President Obama’s Progressive Mentor Abner Mikva Leaves a Legacy of Battling for Social Justice

President Obama’s Progressive Mentor Abner Mikva Leaves a Legacy of Battling for Social Justice

Mikva was a political reformer and champion of civil rights and civil liberties who inspired generations of liberals in Illinois and across the nation.

Facebook
Twitter
Email
Flipboard
Pocket

On a lovely late-summer night in 2008, Abner Mikva and I stood with Congresswoman Jan Schakowsky in front of an elaborate stage that had been erected at Denver’s Mile High Stadium. In a few minutes, they would join a boisterous crowd of Illinois Democrats who had come to cheer for the young lawyer and legislator Mikva had mentored across many long and sometimes difficult years of personal and political progress.

Mikva was overjoyed. He would have been willing to sit in any seat in the stadium in order to celebrate the nomination of Barack Obama for the presidency. But, as anyone who knows anything about the remarkable relationship between these two men will tell you, Obama wanted Mikva close to him in moments of struggle and triumph.

Mikva, the great reformer and civil libertarian who died Monday at age 90, was among the first prominent figures in Chicago to recognize the potential of the young Harvard Law School graduate who settled in the city and began to forge a political career in the 1990s. When Obama presented Mikva with the Medal of Freedom in 2014, the president said, “He inspired the next generation, including me.”

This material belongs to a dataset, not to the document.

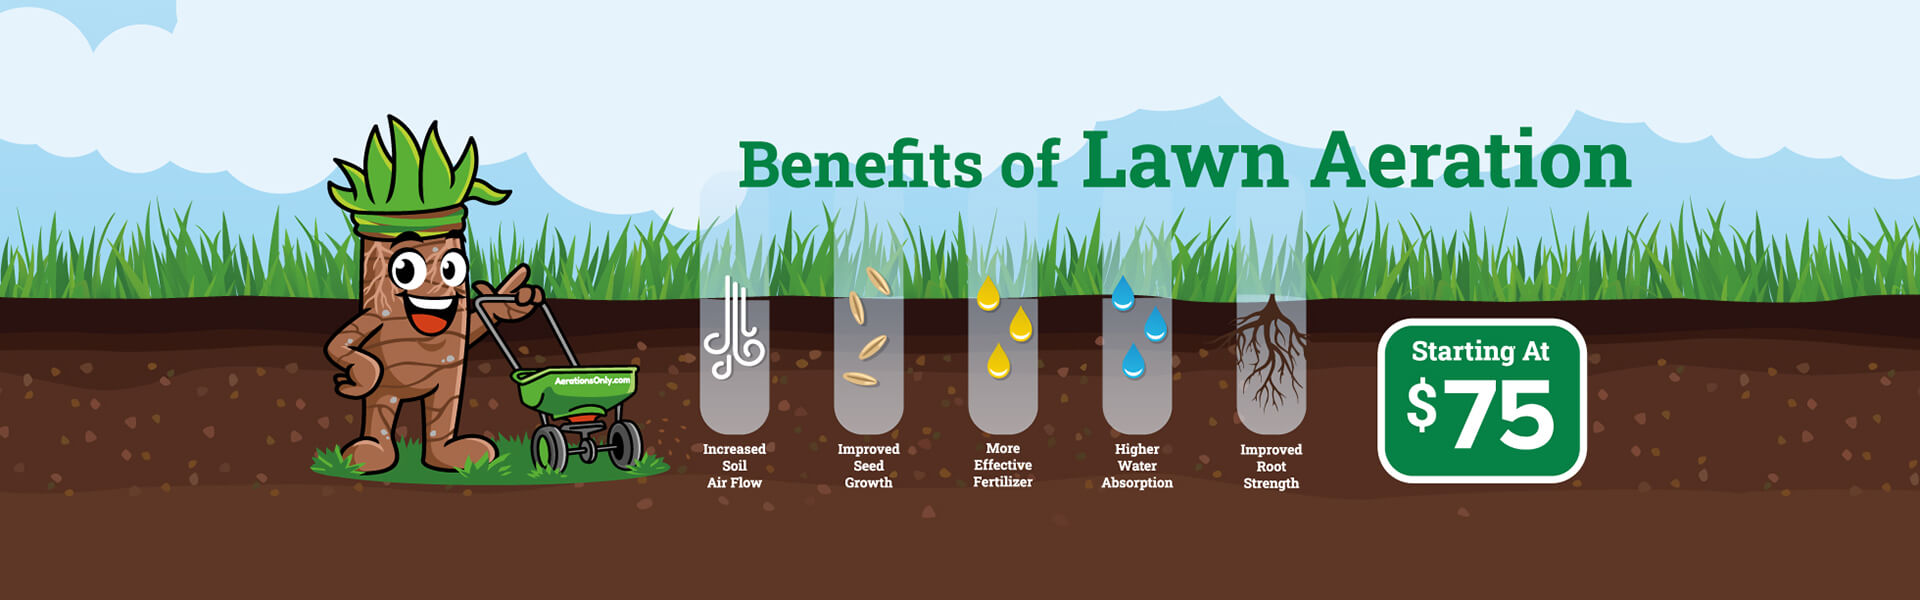 Lawn Aeration in St. Louis
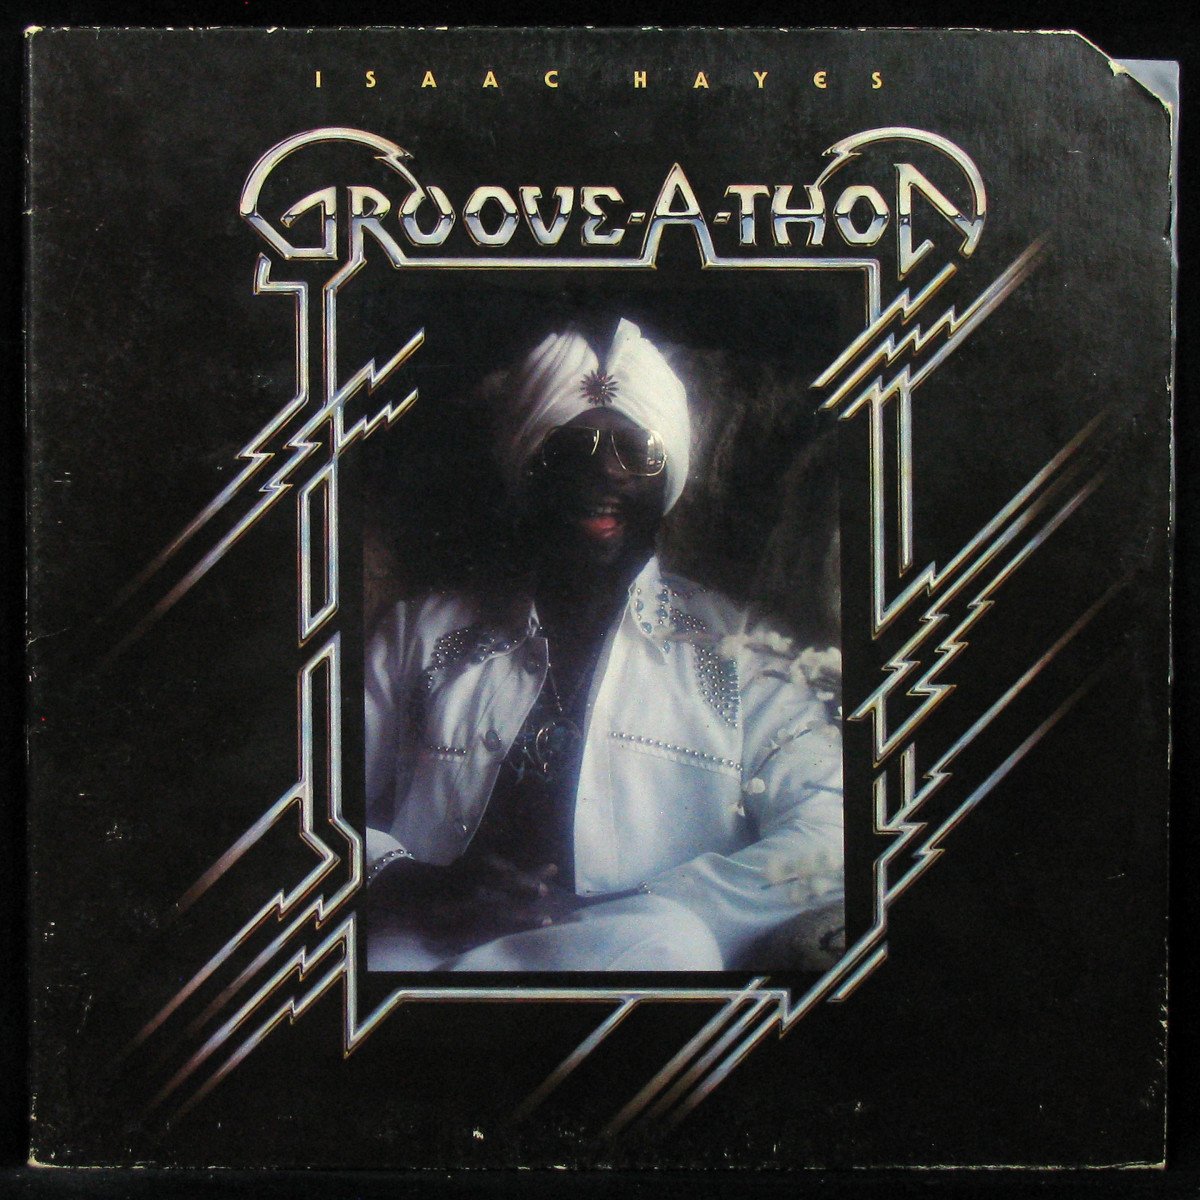 Groove - A - Thon

The inspiration was mutual.

Before Barack Obama was born, Abner Mikva was fighting to forge a politics in which an Obama presidency might be possible. A native of Milwaukee, born when the city was governed by Socialist Mayor Dan Hoan, Mikva was the son of Jewish immigrants who spoke Yiddish at home. The family lived on relief during the Depression, and Mikva—who trained for the Army Air Corps during World War II—went to college on the GI Bill. He ended up at the University of Chicago Law School and was drawn to politics. But the Democratic machine was not interested.

“As a University of Chicago student, Abner Mikva stopped by the local Democratic headquarters and asked to volunteer. I love this story,” recalled Obama. “A committeeman asked, ‘Who sent you?’ And Ab said, ‘Nobody.’ And the committeeman said, ‘We don’t want nobody nobody sent.’ That’s Chicago for you,” President Obama recalled several years ago. “Despite that abrupt dismissal, Ab went on to devote his life to public service—reformed Illinois’s criminal code, defended free speech and consumer rights; in 1993, struck down the Pentagon’s ban on gays in the military. He was overturned on that one—but history proved him right.”

History always proved Mikva right—on the issues and when it came to the younger political figures, such as Obama, Schakowsky, and Supreme Court Justice Elena Kagan, whom he mentored.

The vindication did not always come quickly, or easily, for Mikva. He took on the Chicago machine and won a seat in the Illinois legislature in 1956, where he emerged as a champion of civil rights and civil liberties. But when he sought to take his passion for social justice to Washington in 1966, he was beaten in a Democratic primary. Two years later, Mikva secured the Chicago seat as one of the first of the wave of anti–Vietnam War progressives who would remake the Democratic Party and Congress. Machine Democrats and Republicans redrew Mikva’s district so that he could not win in the city. So he moved to the suburbs and won a new seat in the Watergate election of 1974—serving until President Jimmy Carter appointed him to the Court of Appeals for the DC Circuit in 1979.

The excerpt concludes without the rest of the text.